TWO THREADS OF THE BOLT IN MESH. (2 TIM)
S.O.P in the mechanical world for bolts/nuts etc is 4-5 TIM. Look at a standard thickness nut (not a thin nut for soft materials)- about 5T. My ME PE wife says 5T on a nut isnt exactly a written standard, but just look at industry practice.
The first thread doesnt count, its the "lead in" thread and its very thin- to nothing. The first two threads are for STARTING THE BOLT, NOT HOLDING ANYTHING.
References:
* Bolts into soft materials (granted, this caliper body is probably harder cast iron, not aluminum) but requires 1-1/2 to 2 times the bolt nominal diameter in thread engagement,
* 2 TIM allotted for simply "starting" the bolt into the nut (track bolt section)
* nut should be more than 2T from the end of a bolt thread (where the thread stops at the plain shank)
Standard Handbook of Fastening and Joining, Second Ed. Parmley P.E.
THIS IS EXTRA DANGEROUS AS IT IS NOT OBVIOUS. An obvious failure is a flexible line blowing out due to age or a fitting rusting. Whose going to expect this problem with a new caliper? Me who doesnt trust Made in China....
Worse, its a risk of the threads breaking and bolt coming loose JUST SITTING IN THE GARAGE if the bolt was tightened and threads over-stressed.
Worse yet, over-stress these 2 threads when tightening the bolt, then in a panic, stomp on the brake pedal and put another several hundred pounds force on that bolt and BOOM!

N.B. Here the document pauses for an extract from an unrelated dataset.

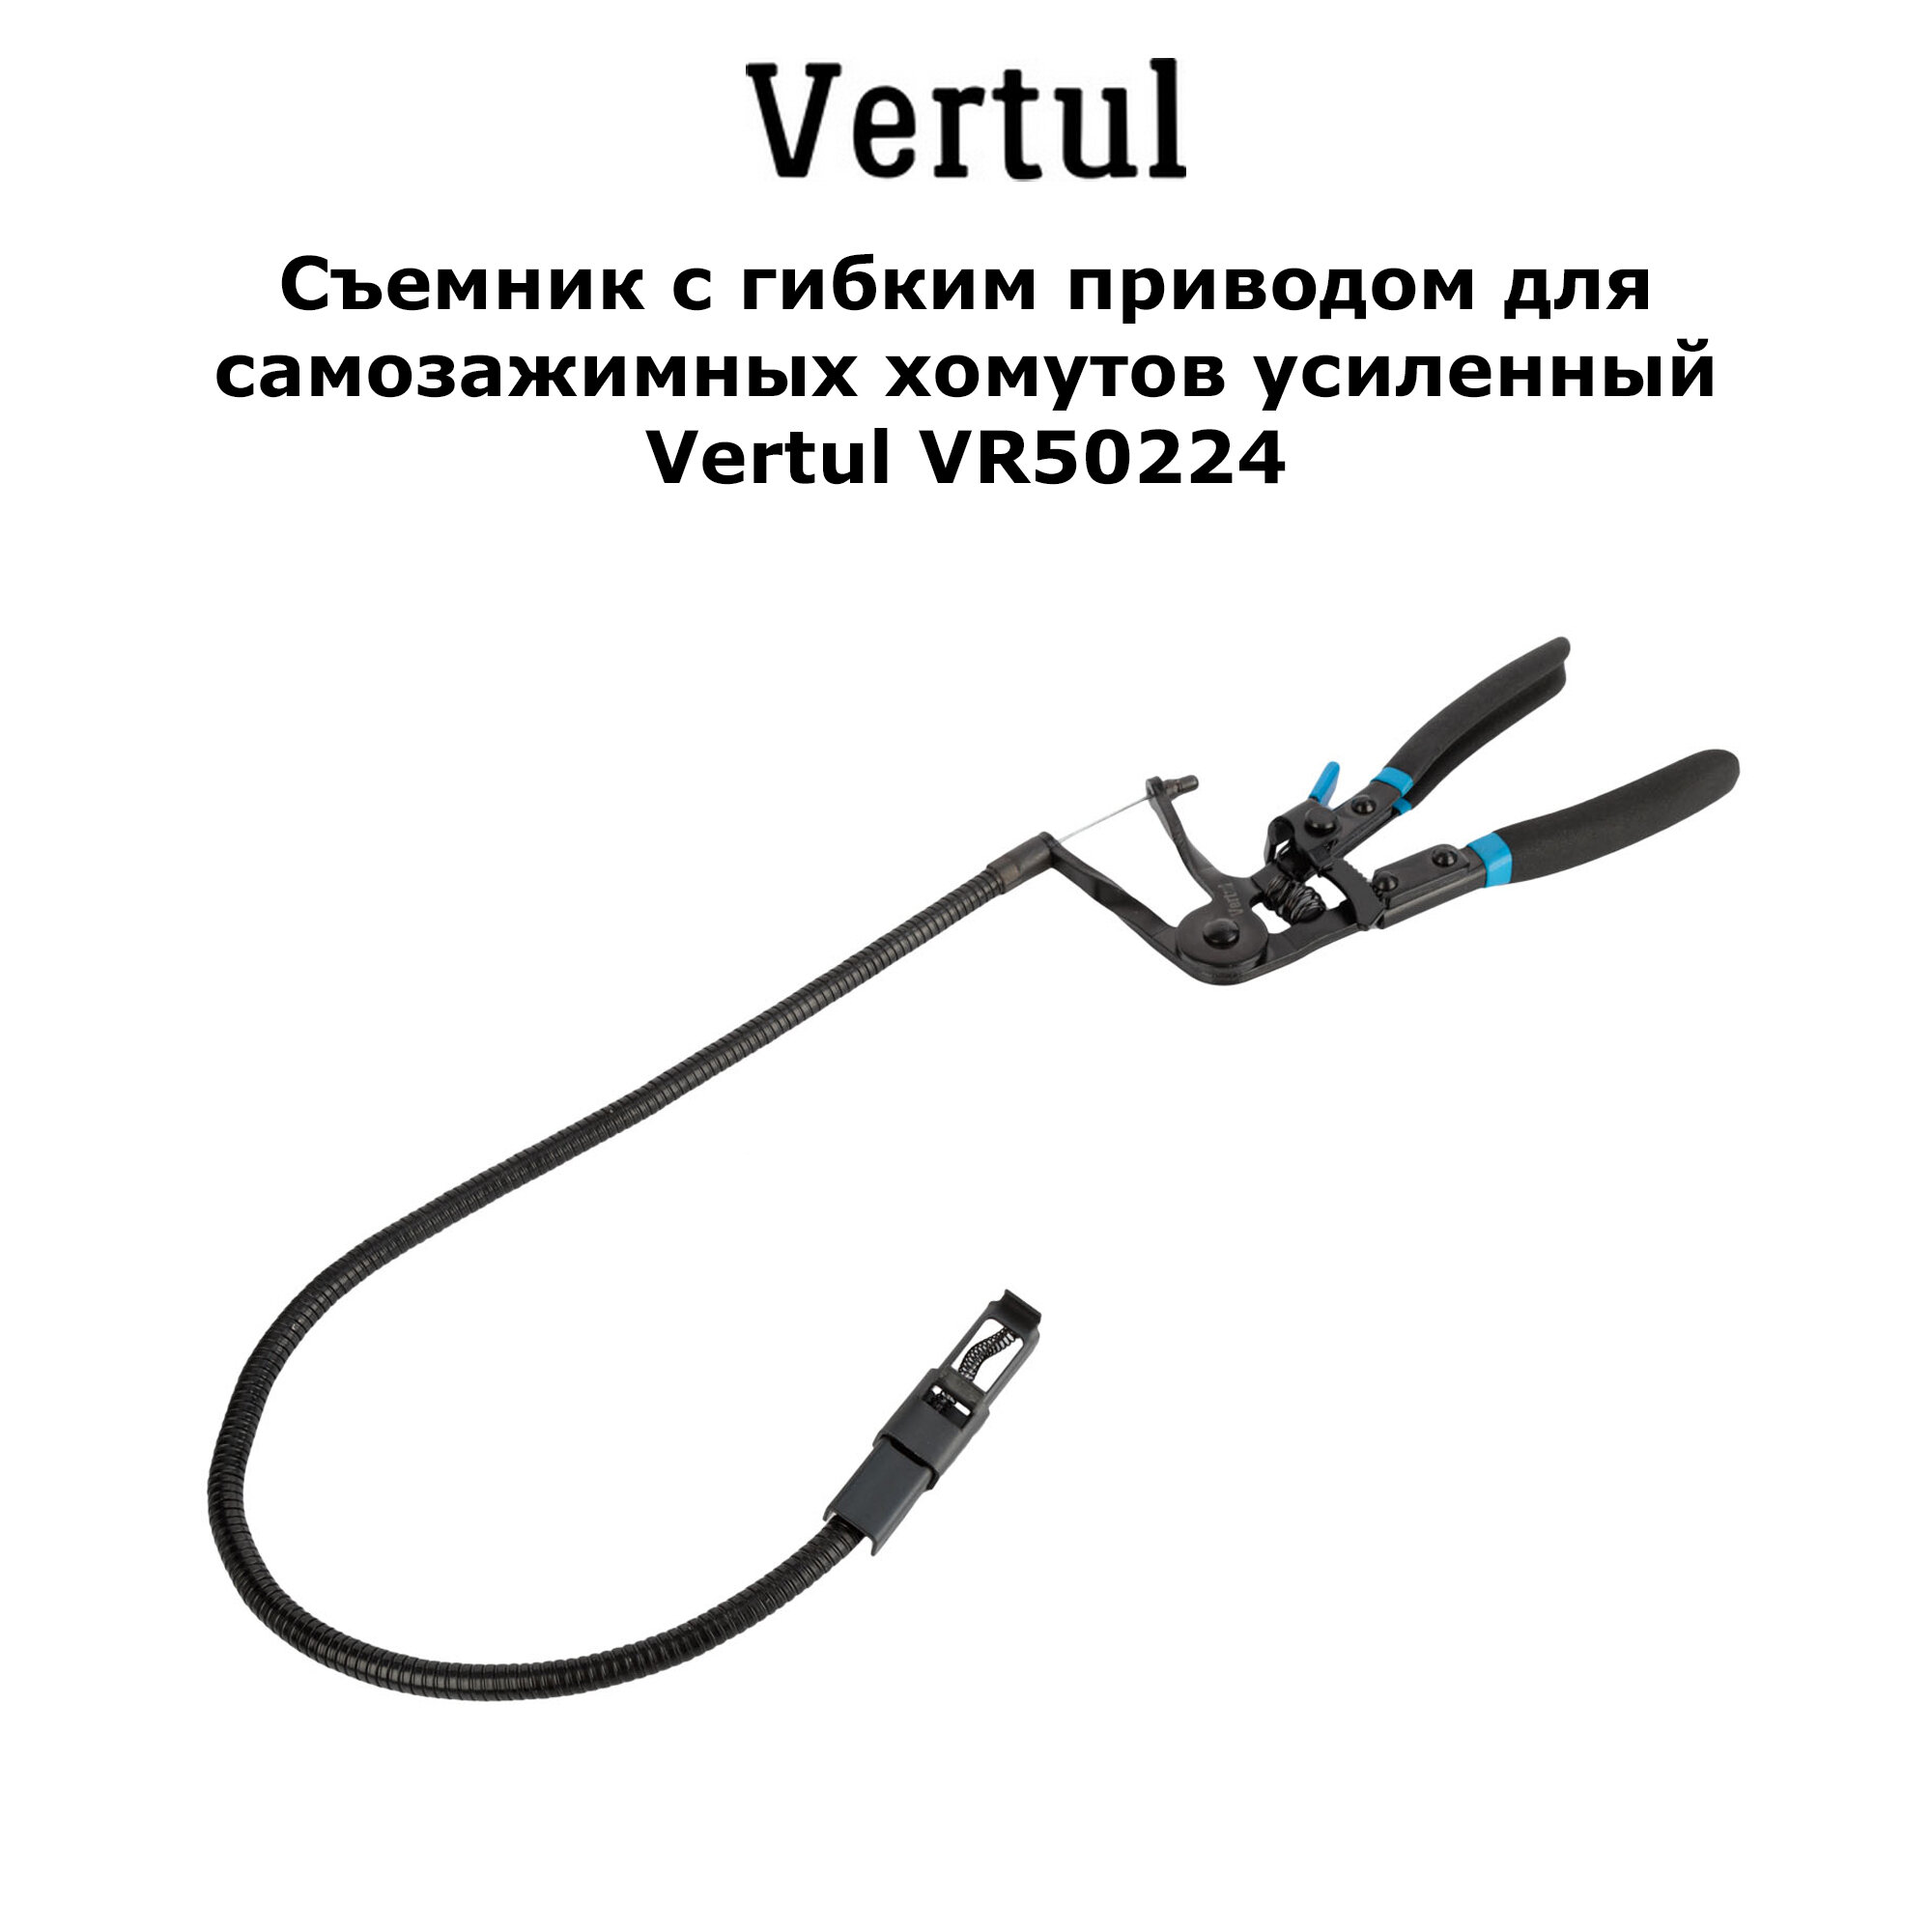 Съемник с гибким приводом для самозажимных хомутов усиленный Vertul VR50224

A brake fluid pressure of 6 MPa = 870 psi. For a 1/2 inch diameter bolt, the force on that bolt from fluid pressure is about 170 pounds, not a great deal UNLESS the threads are badly over-stressed already.
Worse, "stomping on the brakes" is impact loading which tends to break things. Thats how HAMMERS work.
One of these bolts give away and there will be a LOSS OF FRONT BRAKES since both front calipers receive fluid pressure from the same brake reservoir in the master cylinder.
A lack of bolt clamping force with the copper seals being pushed loose from braking pressure would result in brake fluid leakage. The brake fluid force is opposing the "clamping" force of tightening that bolt.
Also, the copper sealing washers are too small outer diameter, they dont 'cover' all but about the first one or two sealing "rings"
molded in the caliper housing. These are a deformable copper seal for the high brake fluid pressures, they deform when the bolt is tightened to "smash" down in between the rings to prevent fluid loss.
daveca, electronic/mechanical R&D engineer with 4 Patents and 40 plus years wrenching on old junk vehicles, and a M.E. P.E. wife in the nuke world.
PS There are FIVE (5) design mistakes in this caliper... try and spot them...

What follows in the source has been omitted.